Greenwich Associates' 2005 Equity Derivatives research study reveals that a sizable number of North American institutions this year experimented for the first time with equity derivative "flow" products including single-stock listed/vanilla OTC options, listed/vanilla OTC index options, index futures, exchange traded funds, single-stock futures and equity swaps.
However, the research also shows a considerable year-to-year fall-off in the use of structured products such as customized OTC, securitized, and hybrid derivatives. Declines in usage appear across a wide range of products, including single-stock or basket-based instruments, fund-linked or index-based products, variance swaps (which increasingly are viewed as flow products), and dispersion trades.
"Our research provides some invaluable insights into how institutions are employing equity derivatives -- or in some cases ceasing to use them -- in order to get exposure more efficiently, more anonymously, with better tax advantage and greater leverage," says Greenwich Associates consultant Jay Bennett.
ED "Flow" Products: The Cash Alternative
An increasing number of North American institutions are employing equity derivatives to implement a wide variety of investment strategies. For example, the proportion of institutions using single-stock listed/vanilla OTC options has risen from 68 per cent in 2003 to 76 per cent in 2005. Over the same period, the share of institutional investors using listed/vanilla OTC index options has risen from 59 per cent to 63per cent, and the proportion using index futures rose from 55 per cent to 58 per cent. Exchange-traded funds (ETFs), which were used by only 57 per cent of institutions in 2003, are now used by two-thirds.
"The rising employment of equity derivatives in such strategies as actively managed long-only equity, passive equity index, and simple price speculation, suggests that a rising number of institutions are using equity derivative instruments as substitutes for 'cash' equity trading," says Greenwich Associates consultant John Colon.
Fellow consultant John Feng adds: "From the standpoint of these equity professionals, equity derivatives offer two other benefits: anonymity and leverage -- although the amount of the latter obviously varies from institution to institution and from broker to broker."
Declining enthusiasm for structured derivatives
In sharp contrast to the situation in flow equity derivatives, Greenwich Associates' research demonstrates that the numbers and proportions of North American institutional investors using customized, structured, and hybrid derivative products is declining sharply.
In 2004, Greenwich interviewed 107 institutions identified as substantial users of equity derivatives.

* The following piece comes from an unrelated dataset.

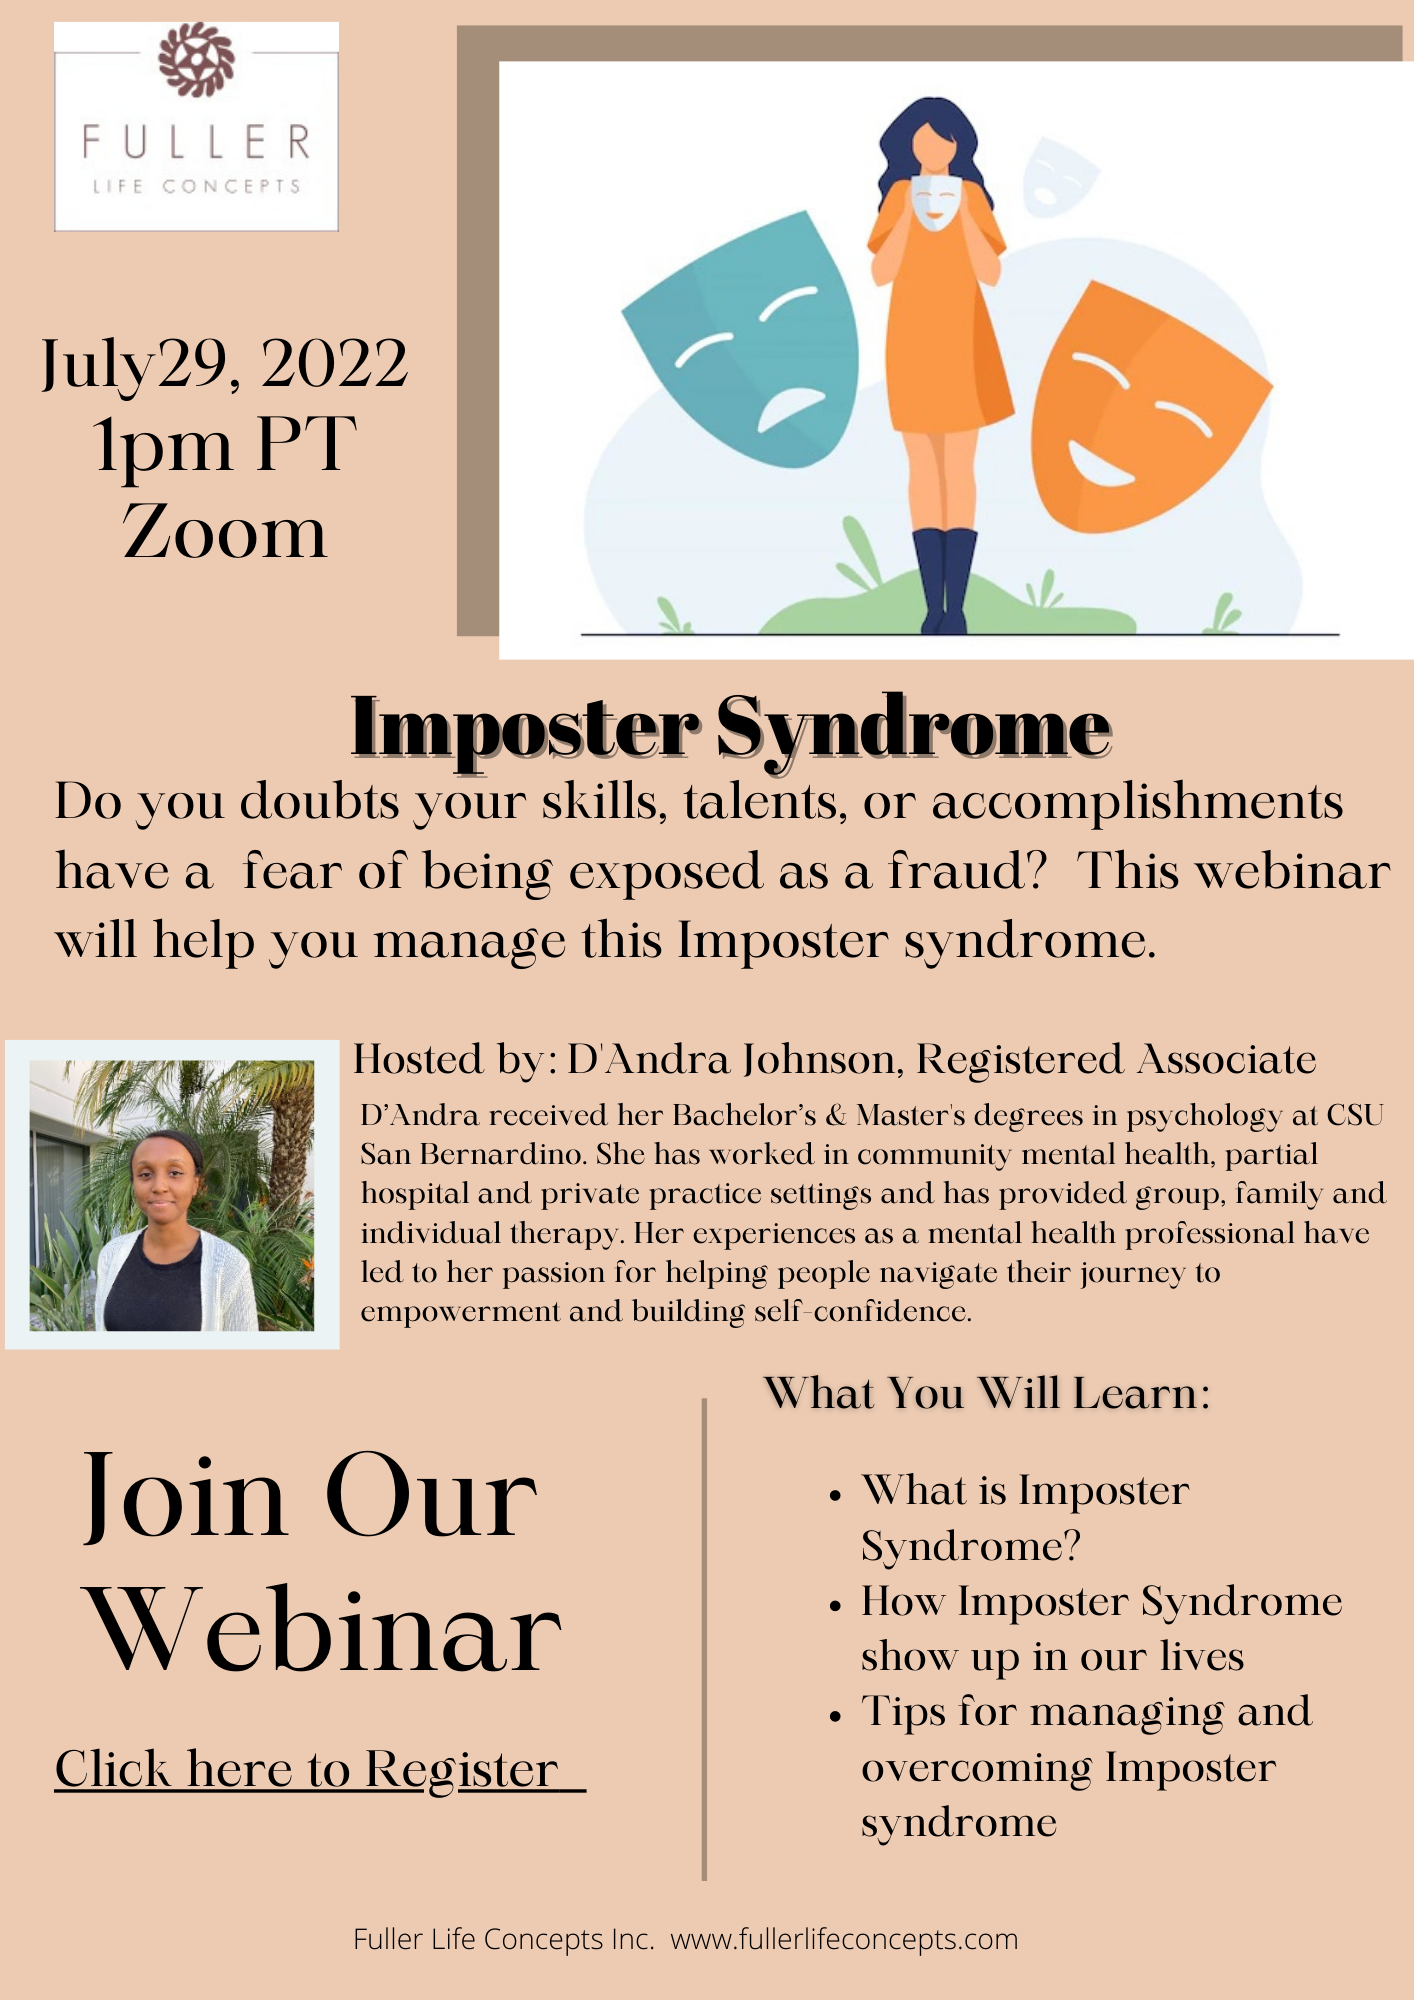 https://www.fullerlifeconcepts.com/wp-content/uploads/2022/07/Imposter-syndrome-Johnson.png

Half of these were using structured products such as customized OTC, securitized, and hybrid derivatives. This year, the firm interviewed 104 equity derivatives users and only 30per cent are using these structured products, with the remainder reporting use of flow equity derivatives only.
The slowdown in the US stands in stark contrast to the situation in Europe. While North American institutions are cutting back on their use of customized OTC, securitized, and hybrid derivatives, their counterparts in Europe have greatly expanded their presence in structured products. The proportion of European institutions using them increased from 70 per cent in 2004 to 85 per cent this year.
"The fundamental difference between the European and US markets is that, in Europe, institutions are on-selling these structured equity derivative products to high-net-worth and other retail clients," explains Feng. "Less than 5 per cent of institutions in North America have adopted this practice."